The U.S. Securities and Exchange Commission (SEC) has warned investors about the risks of Bitcoin futures trading. The financial regulator cited market volatility, a lack of regulation, and fraud to warn investors against the risk of the bitcoin futures market. U.S. SEC outlined key points that investors should “carefully consider” before investing in a fund that buys or sells Bitcoin futures.
“Bitcoin is a highly speculative investment.”
“Investors should understand that Bitcoin, including gaining exposure through the Bitcoin futures market, is a highly speculative investment,” SEC noted in a June 10 Investor Alerts bulletin. This latest Bitcoin-related risk warning from the financial regulator follows up on a note it sent out last month, warning investors “interested in investing in a mutual fund with exposure to the Bitcoin futures market” to think twice due to the risks. SEC noted that while investments in all types of funds involve risk, funds that “buy or sell Bitcoin futures may have unique characteristics and heightened risks compared” to others.
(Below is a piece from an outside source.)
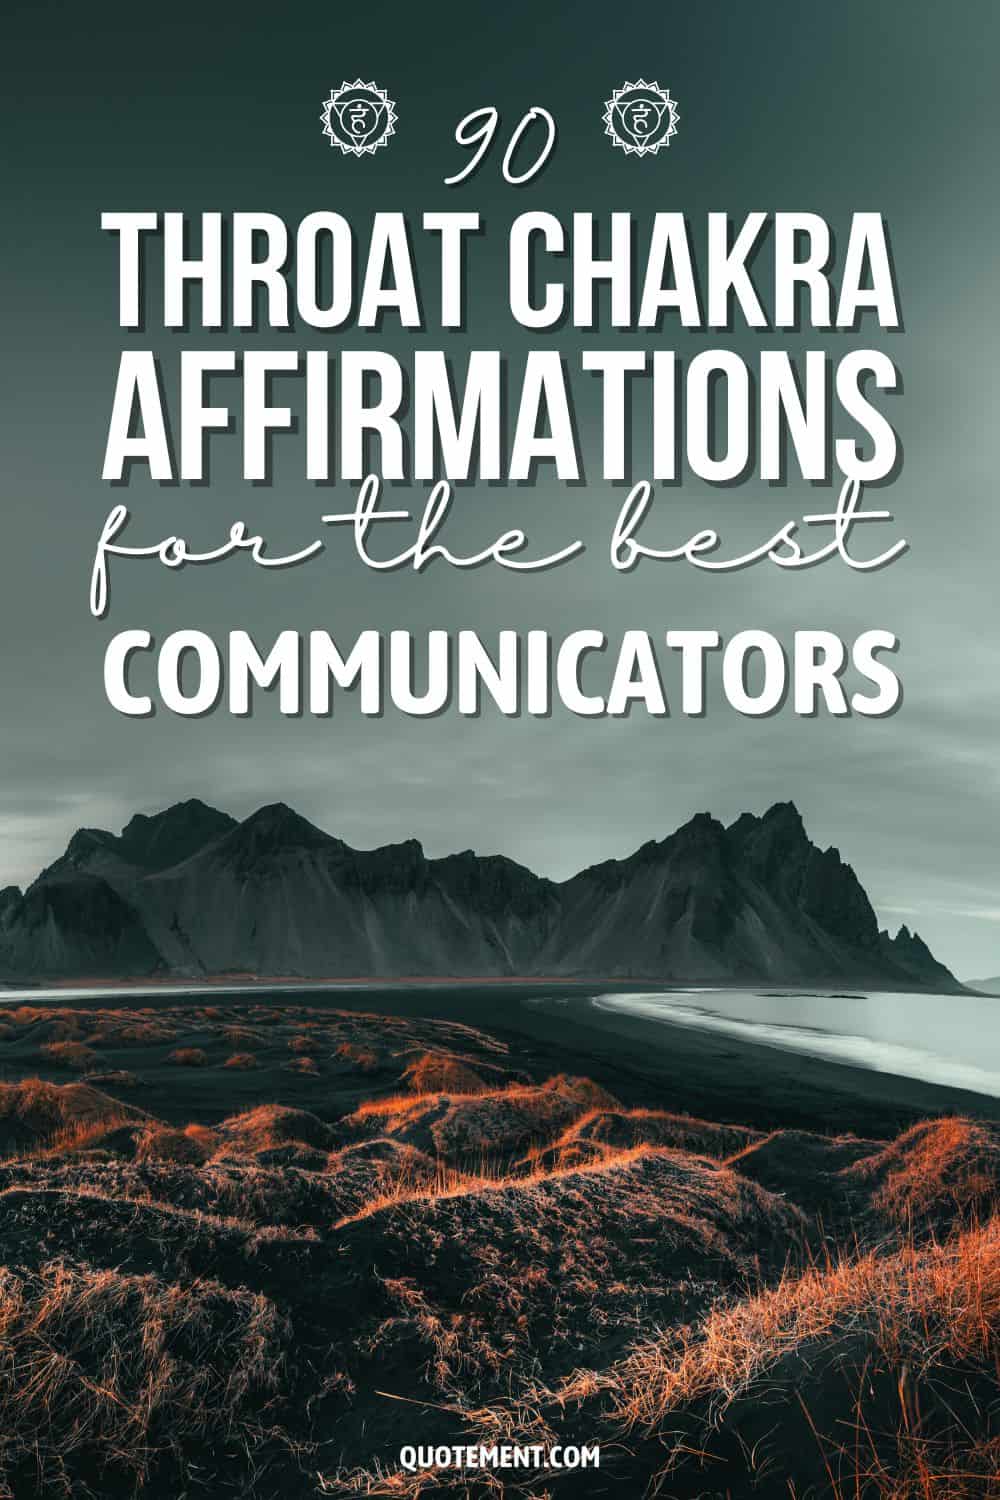 90 Throat Chakra Affirmations For The Best Communicators

“Investors should consider the volatility of Bitcoin and lack of regulation.”
The U.S. SEC noted, “Investors should consider the volatility of Bitcoin and the Bitcoin futures market, as well as the lack of regulation and potential for fraud or manipulation in the underlying Bitcoin market.” The financial regulator also highlighted that Bitcoin’s price does not necessarily correlate with the value of the fund that holds Bitcoin futures positions. According to the SEC, this is in part due to the funds potentially not having direct exposure to the “underlying assets.” Earlier, U.S. Senator Elizabeth Warren lashed out on cryptocurrencies calling them “a bogus and lousy investment.”